In Polars, the unique() function is used to return a DataFrame with unique rows, based on specific columns or the entire DataFrame. It allows you to control which duplicates to keep and whether to maintain the original row order.

Advertisements

In this article, I will explain the Polars DataFrame.unique() function, covering its syntax, parameters, and usage, to show how to generate a new DataFrame with duplicates removed based on the specified subset and keep policy.

Key Points –

  • The unique() function is used to return a DataFrame with unique rows, based on specific column(s) or the entire DataFrame.
  • You can specify a subset of columns to consider for uniqueness using the subset parameter, or leave it as None to consider all columns.
  • The keep parameter allows you to control which duplicates to keep: 'first', 'last', 'any', or None.
  • The maintain_order parameter, when set to True, ensures that the original order of rows is preserved after filtering for uniqueness.
  • You can pass a list of column names to the subset parameter to check for uniqueness based on a combination of multiple columns.
  • Polars is optimized for high-performance computing, making unique() efficient for large datasets.
  • The function returns a new DataFrame containing only the unique rows, without modifying the original DataFrame.
  • By default, the order of rows may change after filtering for uniqueness unless maintain_order=True is set.

Syntax of Polars DataFrame.unique()

Let’s know the syntax of the Polars DataFrame unique() function.


# Syntax of unique()
DataFrame.unique(
    subset: ColumnNameOrSelector | Collection[ColumnNameOrSelector] | None = None,
    *,
    keep: UniqueKeepStrategy = 'any',
    maintain_order: bool = False,
) → DataFrame

Parameters of the Polars DataFrame.unique()

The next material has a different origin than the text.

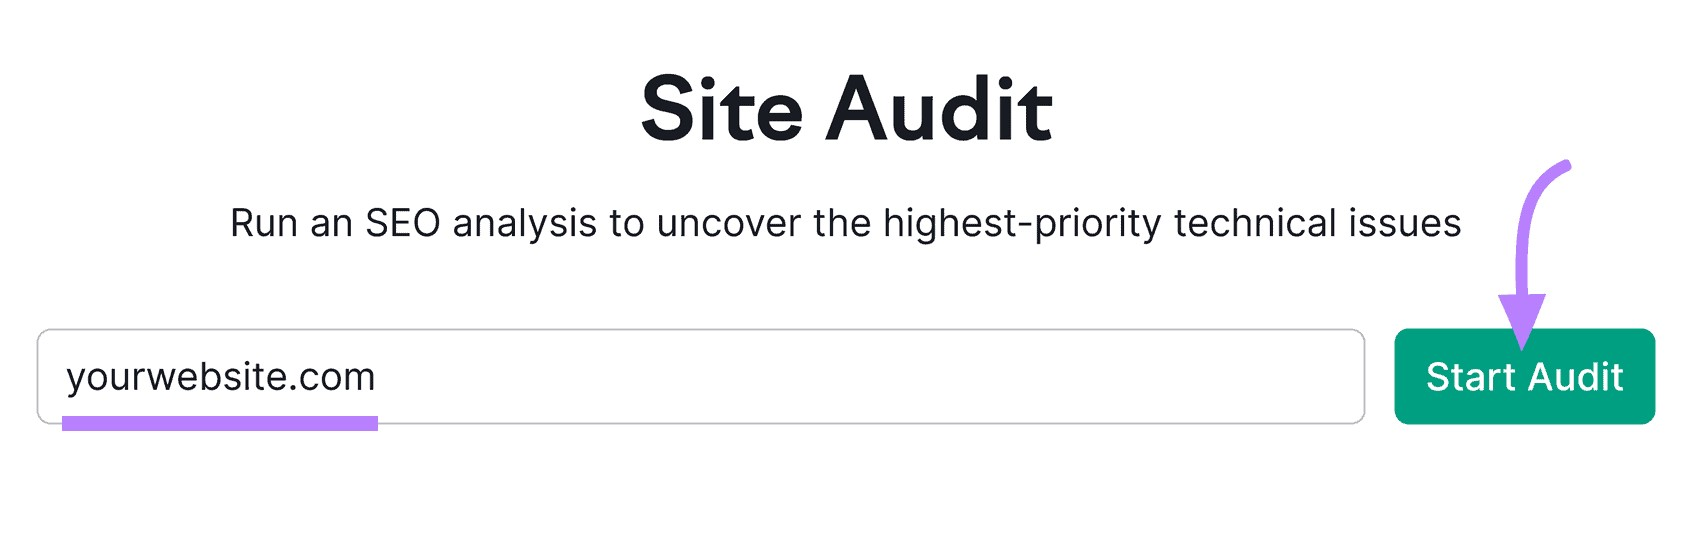 Site Audit tool search

Following are the parameters of the polars DataFrame.unique() function.

  • subset – Specifies which columns to consider when determining uniqueness. If None, all columns are used. A single column name (string), a list of column names, or None (default).
  • keep – Determines which duplicate to keep:
    • 'first' – Keeps the first occurrence of each unique row.
    • 'last' – Keeps the last occurrence of each unique row.
    • 'any' – Keeps any occurrence (default behavior).
    • None – Drops all duplicates (essentially does a distinct() operation).
  • maintain_order – If True, preserves the original order of rows. If False (default), the order of rows may change after the operation.

Return Value

This function returns a new DataFrame with unique rows, based on the specified parameters.

Usage of Polars DataFrame.unique() Function

The unique() function returns a new DataFrame containing unique rows based on specified columns or the entire DataFrame. Duplicate rows are removed based on the defined criteria.

To run some examples of the Polars DataFrame.unique() function, let’s create a Pandas DataFrame.


import polars as pl

technologies = {
    'Courses':["Spark","PySpark","Python","pandas","Python","Spark","pandas"],
    'Fee' :[20000,25000,22000,30000,22000,20000,30000],
    'Duration':['30days','40days','35days','50days','40days','30days','50days'],
    'Discount':[1000,2300,1200,2000,2300,1000,2000]
              }
df = pl.DataFrame(technologies)
print("Original DataFrame:\n", df)

Yields below output.

polars unique

The unique() function in Polars can be used to get unique rows from the entire DataFrame. By default, it considers all columns when determining uniqueness, and it keeps the first occurrence of each unique row.


# Get unique rows based on all columns
df2 = df.unique()
print("Get unique rows based on all columns:\n",df2)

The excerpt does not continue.